Font Size:  

The fellow studied her and then Betsy. “Cool,” he said. “You two going to ride?”

“Yes,” Marisa said. “But there isn’t a line, so can I ask you a question?”

“If I say no, you will anyway.”

“Yeah. That’s true.”

“Ask.”

“Why do you have a crown on your arm?”

“Because my last name is Crown.”

“Seriously?”

“Seriously. I don’t make shit up.”

“That’s all there is to it?”

“Sorry, kid.”

“Can I ask you one more?”

Betsy thought that the carny would be exasperated, but he wasn’t. He was either very game or very patient. “Sure.”

“You didn’t believe me when I said my aunt is a princess. Why not?”

“Because you don’t look like the type.”

“She is, you know. I’m going to meet her in a few days. My aunt is the Princess of Las Vegas.”

He looked from Marisa to Betsy, wanting some sort of confirmation. Betsy had never called her sister that before. She’d never thought of her like that before. But Marisa was right. It wasn’t merely that Crissy re-created Diana Spencer: it was the way she lived her own life. She kept her distance from the other gig performers in the city as if she were royalty, and retreated during the day to her suite or her poolside cabana at the Buckingham Palace. So, Betsy gave a small shrug, and nodded.

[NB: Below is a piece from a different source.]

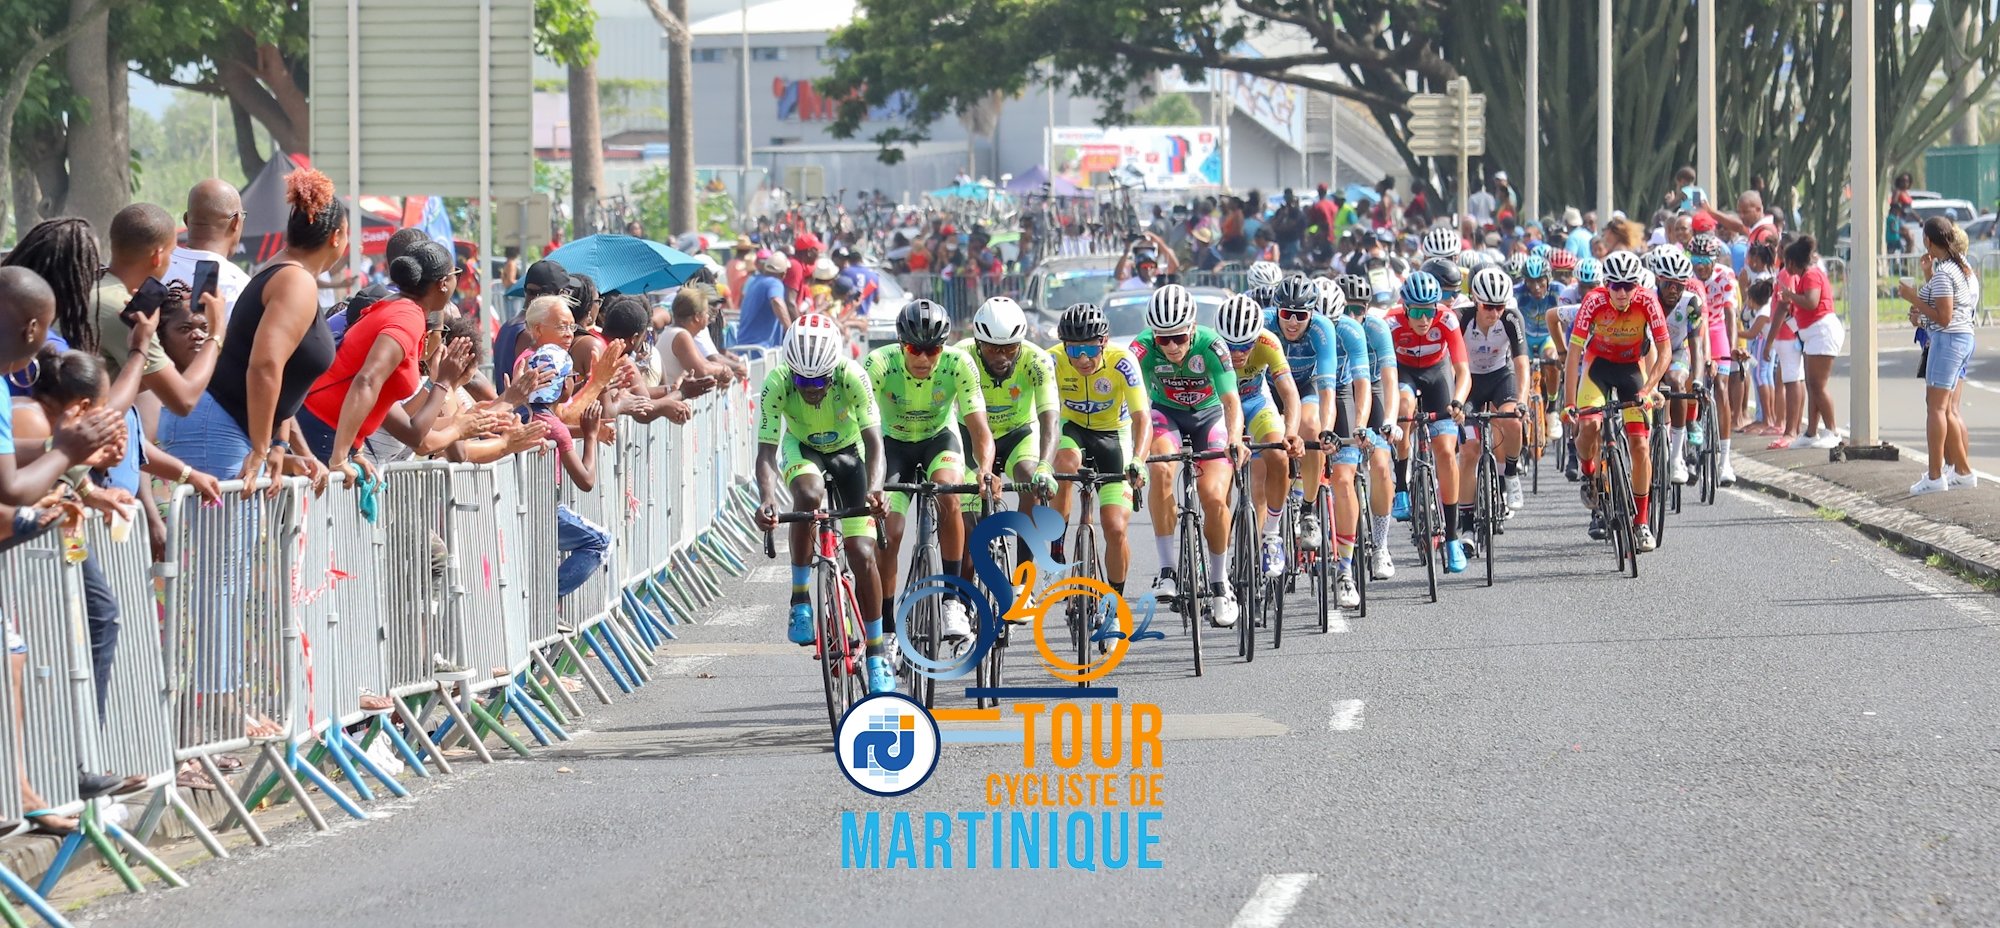     Tour cycliste de Martinique : les coureurs colombiens fixés ce vendredi

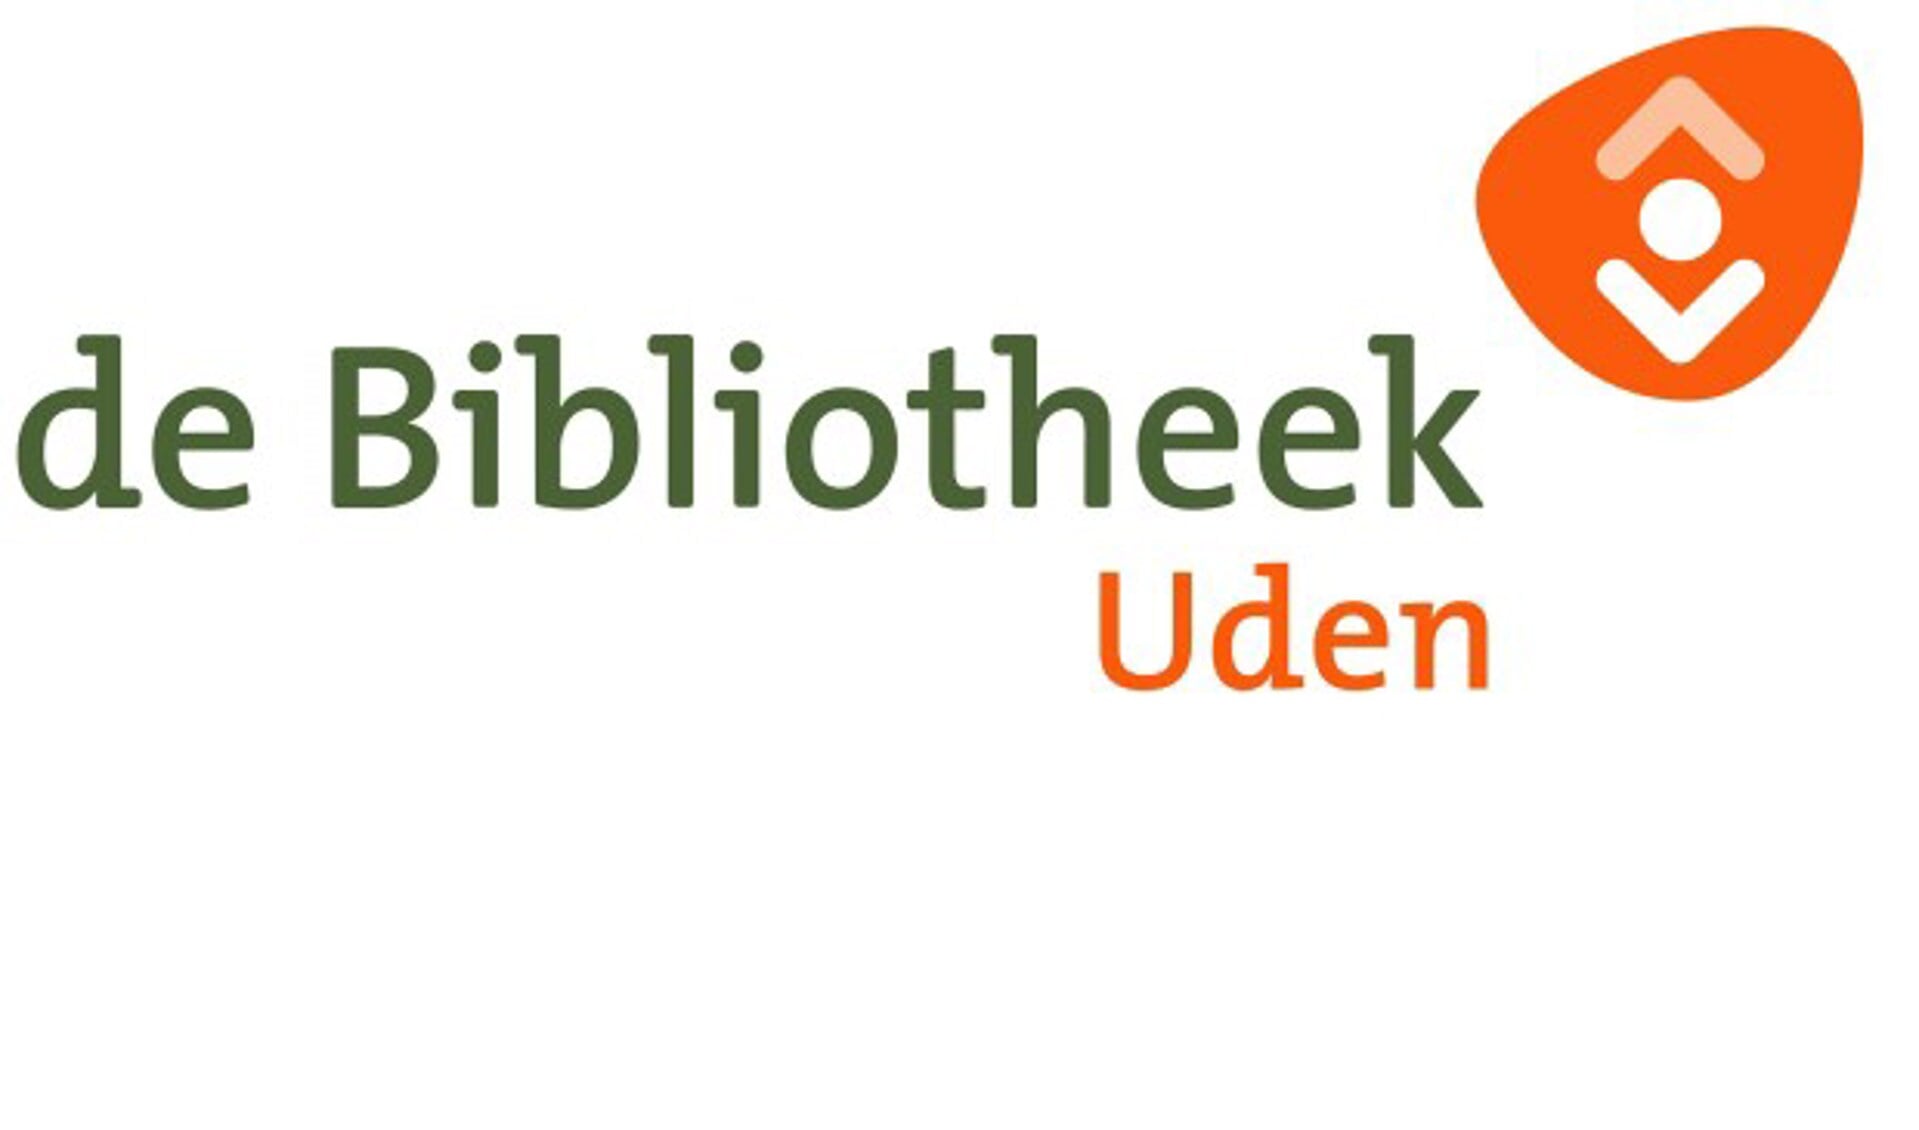  Bibliotheek Uden verzorgt op vrijdag 5 januari het Historisch café Uden.

“Well, that’s unexpected,” he said. “Vegas has a lot of crazy shit, but I didn’t know they had an official princess. Maybe she’ll knight you.”

“I’m a girl, so she can’t. Women are dames, not knights.”

“How in the world do you know that?” Betsy asked. Once more, she was a little shocked.

“The Internet. When I was googling your sister, I learned about knights and dames. At the Buckingham Palace, the men’s bathrooms are for knights and the women’s are for dames, which seems pretty stupid in this day and age, since lots of people aren’t knights or dames. The hotel either needs nonbinary bathrooms or just bathrooms that anyone can use.”

“How much have you been googling her?”

“Not tons. I wanted to get the scoop on the hotel and her act, and why she does what she does.”

“Did you figure that out?”

“Nope.”

The carny started twirling his finger in a circle and Betsy saw there were people starting to queue up behind them, and so she handed him tickets and they took their seats. Betsy looked at the hills that surrounded them, lush and green, with just a hint of scarlet as some of the first trees started to turn. She kept thinking about how Marisa had distilled what had been for their mother the great question of Crissy’s life: why did her older daughter do what she did? Why, of all the things she could have done as an actor, had she chosen to devote her life day after day to raising from the grave a woman who’d died when she herself was in elementary school?

And, of course, Betsy knew. Or suspected she knew. But she was never going to say a thing to their mother.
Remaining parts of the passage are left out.